On Mon, Apr 23, 2012 at 10:19 AM, Dave Goodell <goodell at mcs.anl.gov> wrote:
> The assert you quote in the oldest email in the thread is in PAMI code, so I don't think this is directly an MPICH2 bug.  I do agree, however, that zero-size, non-zero-count bcast should be tested in our test suite and that we have a coverage gap here.
>
> I'll add creating a test for this to my TODO list.
>
> -Dave
>
> On Apr 23, 2012, at 9:23 AM CDT, Jeff Hammond wrote:
>
>> A bug appeared when BGP came online and has reappared on BGQ.  It
>> relates to MPI_Bcast of a non-zero number of 0-byte derived datatypes.
>> ScaLAPACK is one source of this patter.  They have a workaround, but
>> it seems to be that either ScaLAPACK is using MPI in a non-compliant
>> way or there is a bug in MPICH2 that has persisted across many major
>> version releases.
>>
>> Are you guys aware of this?  Has it been fixed in 1.5?  Is there a
>> test to make sure there is no regression in the future?  The ScaLAPACK
>> code and comment noting the problem with MPICH is below, as is a long
>> email lthread with Brian Smith and Lee on this topic.
>>
>> Thanks,
>>
>> Jeff
>>
>>
>>
>> #include "Bdef.h"
>> MPI_Datatype BI_GetMpiGeType(BLACSCONTEXT *ctxt, int m, int n, int lda,
>>                               MPI_Datatype Dtype, int *N)
>> {
>>  int info;
>>  MPI_Datatype GeType;
>>
>> /*
>> * Some versions of mpich and its derivitives cannot handle 0 byte typedefs,
>> * so we set type MPI_BYTE as a flag for a 0 byte message
>> */
>> #ifdef ZeroByteTypeBug
>>  if ( (m < 1) || (n < 1) )
>>  {
>>     *N = 0;
>>     return (MPI_BYTE);
>>  }
>> #endif
>>  *N = 1;
>>  info=MPI_Type_vector(n, m, lda, Dtype, &GeType);
>>  info=MPI_Type_commit(&GeType);
>>
>>  return(GeType);
>> }
>>
>>
>> ---------- Forwarded message ----------
>> From: Brian Smith <smithbr at us.ibm.com>
>> Date: Mon, Apr 23, 2012 at 8:32 AM
>> Subject: Re: [td-support #113586] PAMI assertions
>> To: Jeff Hammond <jhammond at alcf.anl.gov>
>> Cc: jeff.science at gmail.com, Lee Killough <killough at alcf.anl.gov>,
>> "td-support at alcf.anl.gov" <td-support at alcf.anl.gov>
>>
>>
>> Well, there are 2 different bugs here.
>>
>> (from memory) 1) We found places were SCALAPACK made assumptions about
>> uninitialized variables that caused significant badness in a number of
>> apps.
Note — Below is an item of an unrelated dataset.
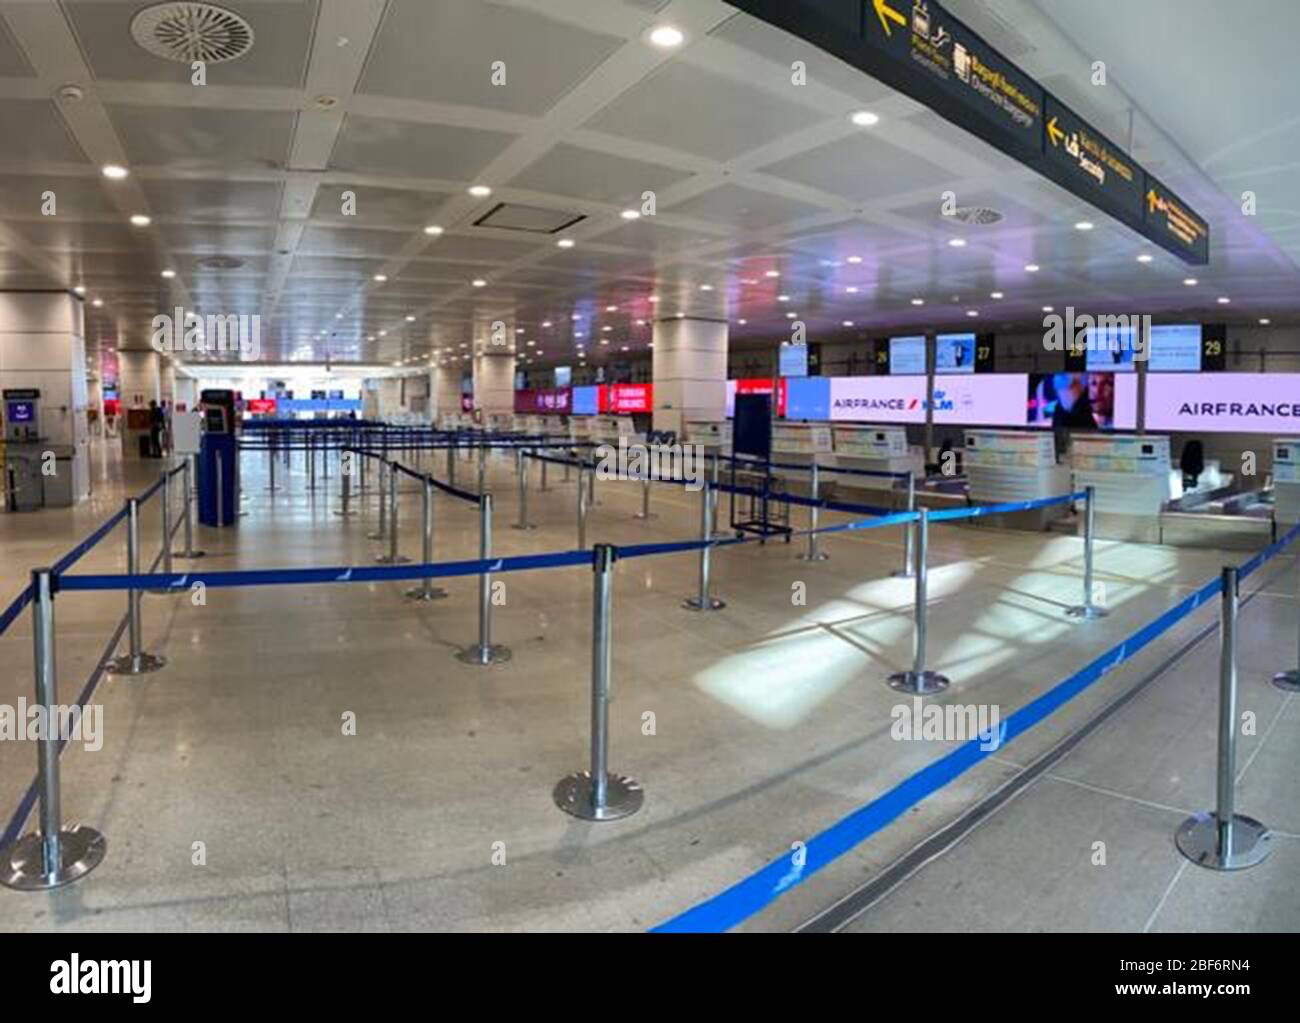 04/03/2020 Tessera (VE) Italy Venice Airport - Marco Polo Airport Tessera  Many flights have been canceled due to the coronavirus because the Marco  Polo airport is practically empty. Cities in Italy are
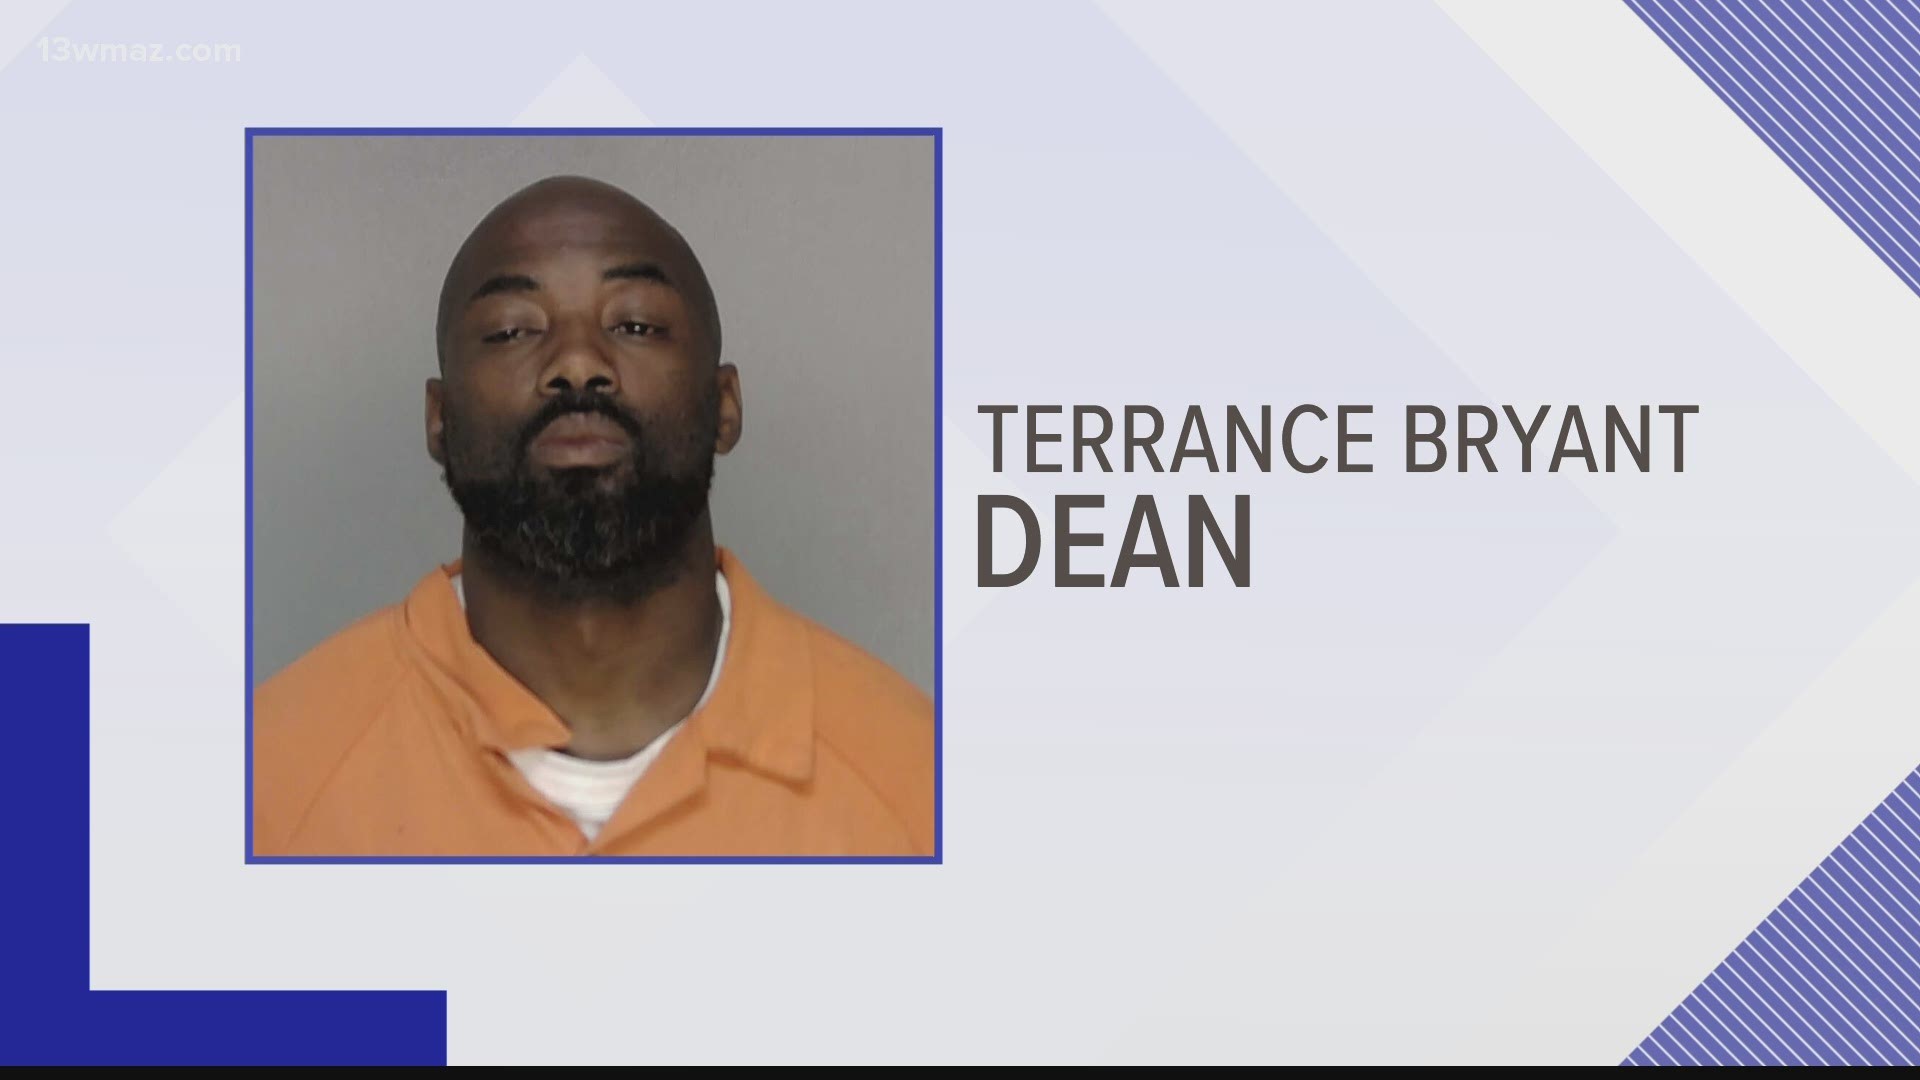 39-year-old Terrance Bryant Dean was arrested Friday in the murder of 36-year-old Michael Glover.

I believe someone reported this to the SCALAPACK maintainers
>> many years ago. In fact, they ran something like valgrind and provided
>> a patch for *all* of the usage of uninitialized variables. The
>> SCALAPACK people did not integrate the changes at the time. Perhaps
>> this new release will have some of them added so we don't have to deal
>> with that again. See
>> http://icl.cs.utk.edu/lapack-forum/viewtopic.php?f=2&t=588&p=1911&hilit=trsm#p1911
>> and
>> http://icl.cs.utk.edu/lapack-forum/viewtopic.php?f=13&t=2625
>>
>> (more recently, based on different glue punt-to-MPICH-logic) 2)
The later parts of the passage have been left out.